Nano: hard-boiled pulp fiction ho-hum plot with an unusual premise

Mike Manning, “Nano” (2017)

This short film has the look and feel of a proof-of-concept work itching to be made into a full-length feature film or a television series: it has a very Hollywood look and sheen and it is clearly plot-driven. The plot revolves around a hard-bitten detective living on his own who hires a hooker to come to his apartment for some rough sex: how much more pulp-fiction hard-bitten can that plot be? The difference between “Nano” and other conventional hardboiled detective stories is its underlying science fiction premise: in the near future, the human genome will be augmented with nano-technologies that will link all humans from the time they are born with various government databases and networks. In the short, a new database version of the Nano technology is released and this Nano 2.0 version will become mandatory for all humans to have in their DNA. Among other things, this new version will enable police departments in the US to mediate potential criminal violence by accessing protagonists’ DNA through the database and inducing sudden paralysis in them; this will not only prevent violent crime but also gives governments the ability to direct people’s actions. As a result, people have less personal control and autonomy in their lives.

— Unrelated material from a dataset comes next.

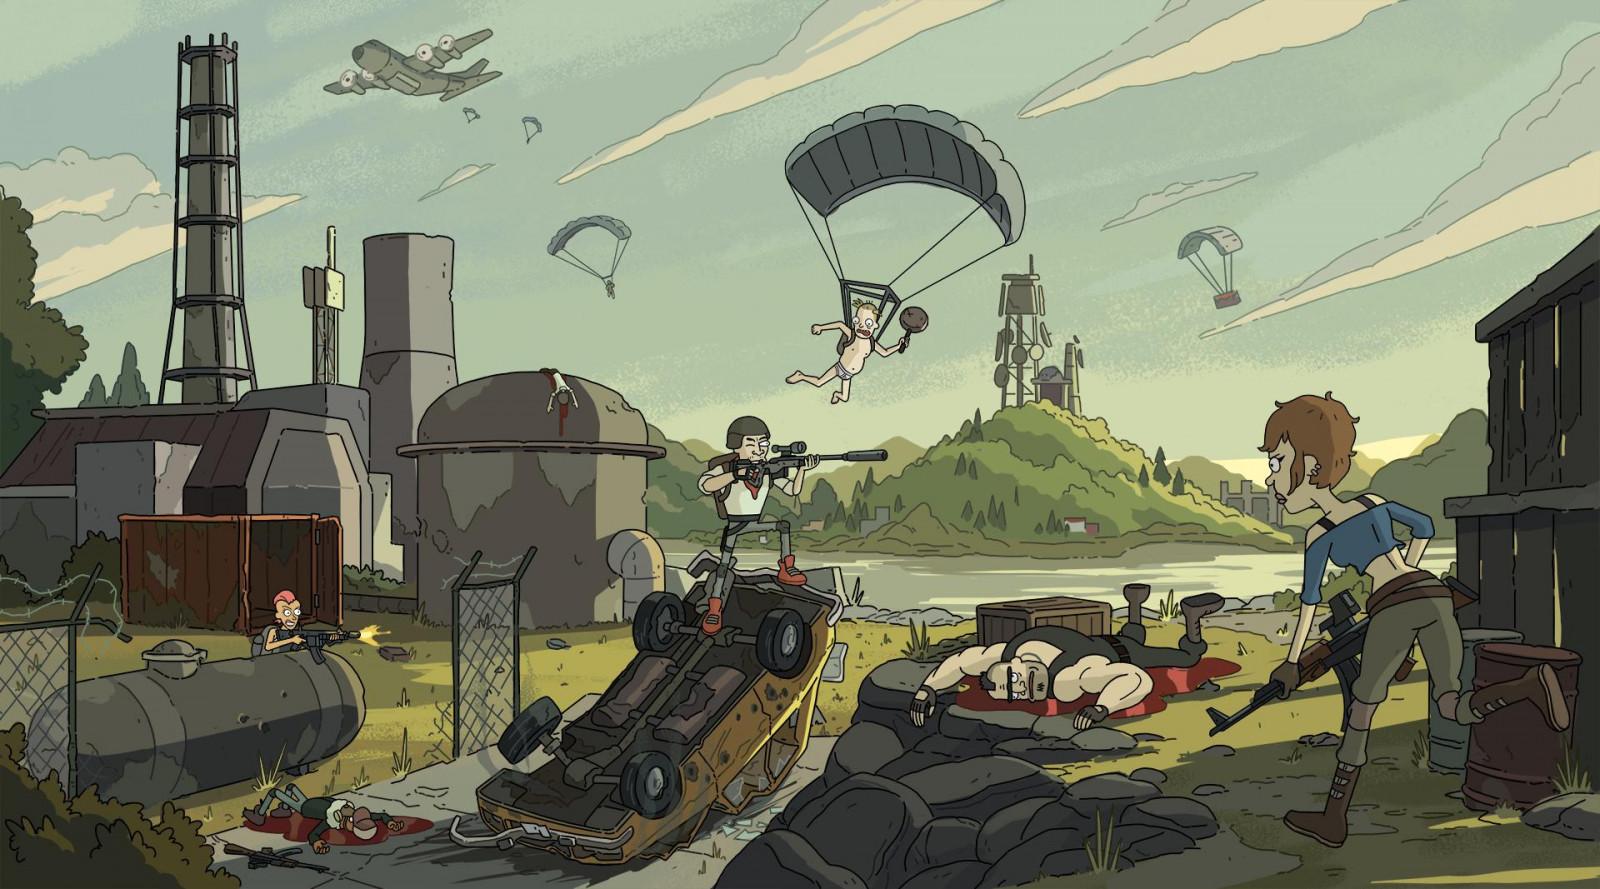 Wallpaper : Video Games, Digital Art, PUBG, Cartoon, Gun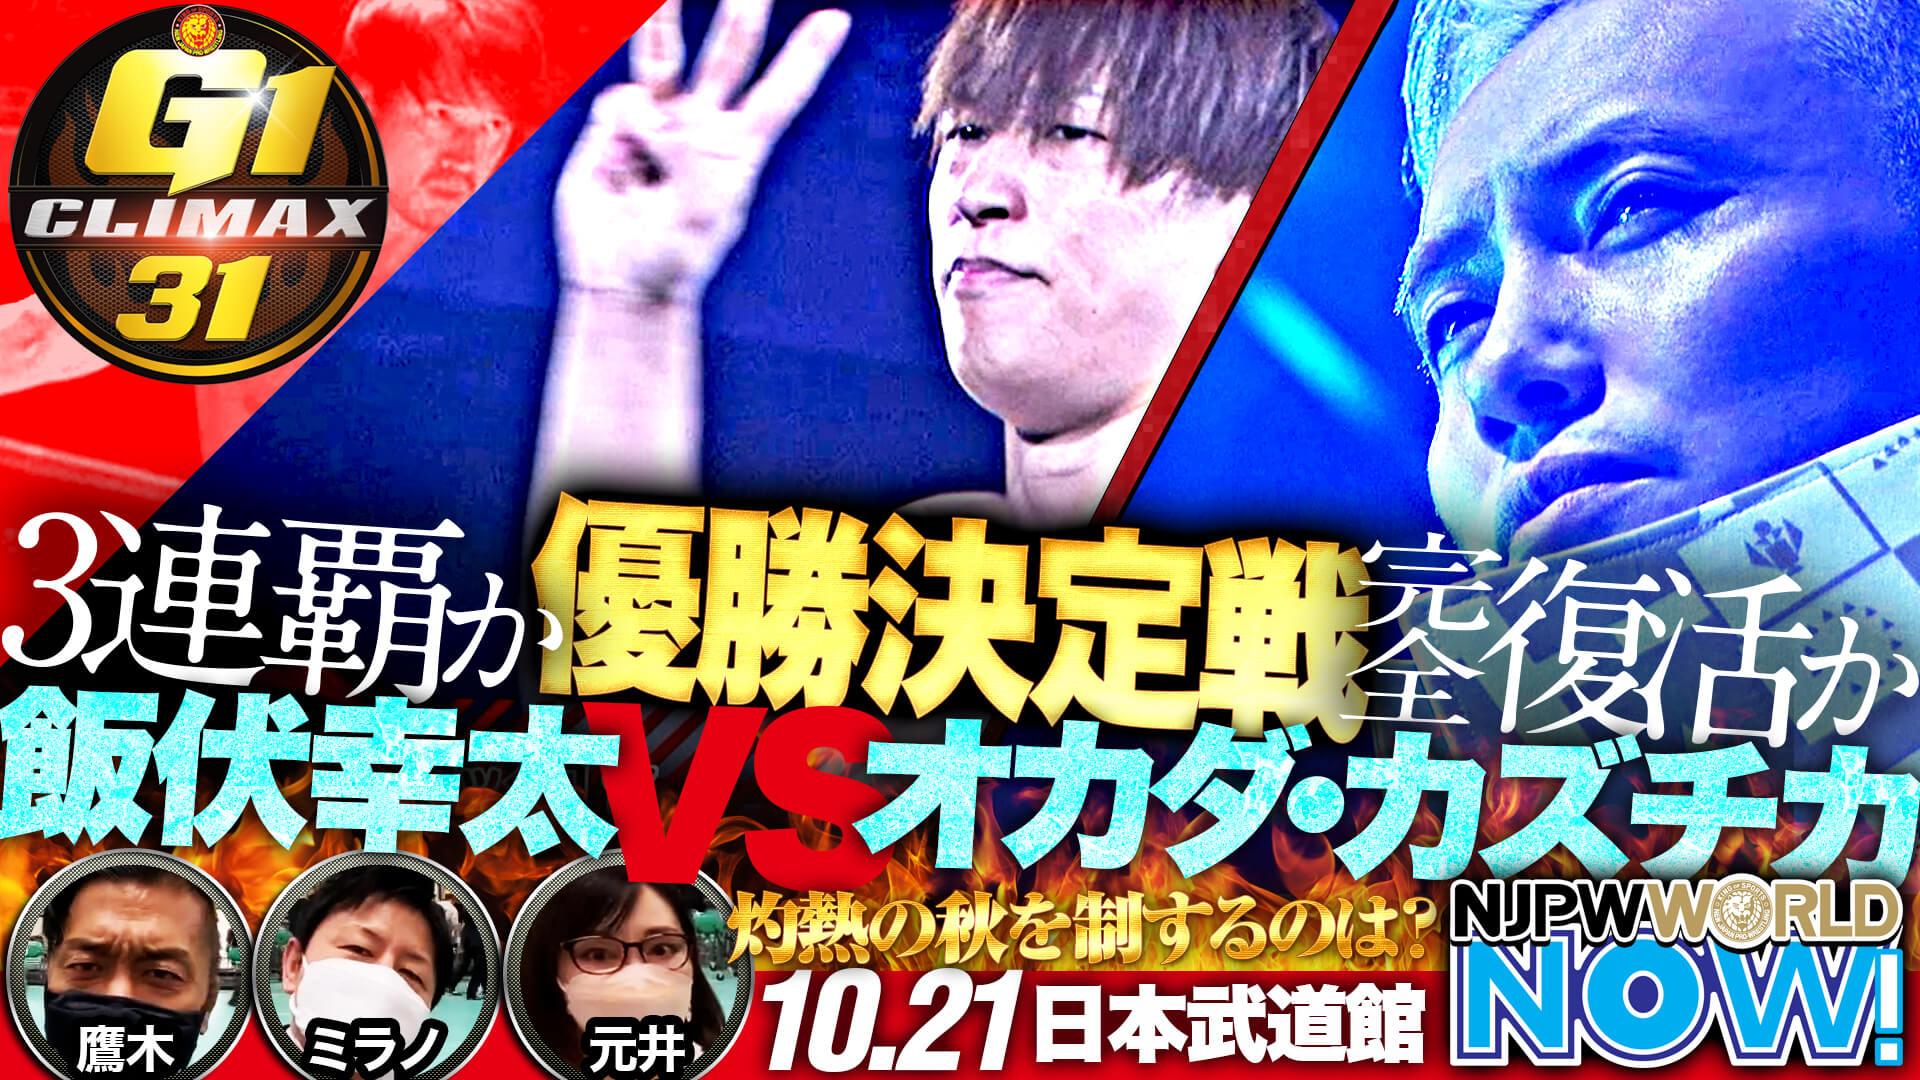 G1優勝決定戦❗️飯伏幸太vsオカダ・カズチカ❗️鷹木&元井&ミラノが解説‼️

While the hologram TV news program pits a young, presumably “liberal” female reporter in favour of Nano 2.0 against a middle-aged male commentator with “conservative” values arguing against the loss of personal freedom and free will, the detective and the hooker eye each other suspiciously and have a terse and tense conversation before they get down to business. Unbeknownst to the detective, the prostitute is actually part of a hacker activist group opposed to Nano 2.0 and the potential loss of human freedoms: before arriving at his apartment, she has knocked over the real hooker going there and robbed her of her DNA profile and incorporated it into her own through a portable nano-technological hook-up gadget with the result that the hacktivist’s hair turns blonde from the real prostitute’s phenotype expression.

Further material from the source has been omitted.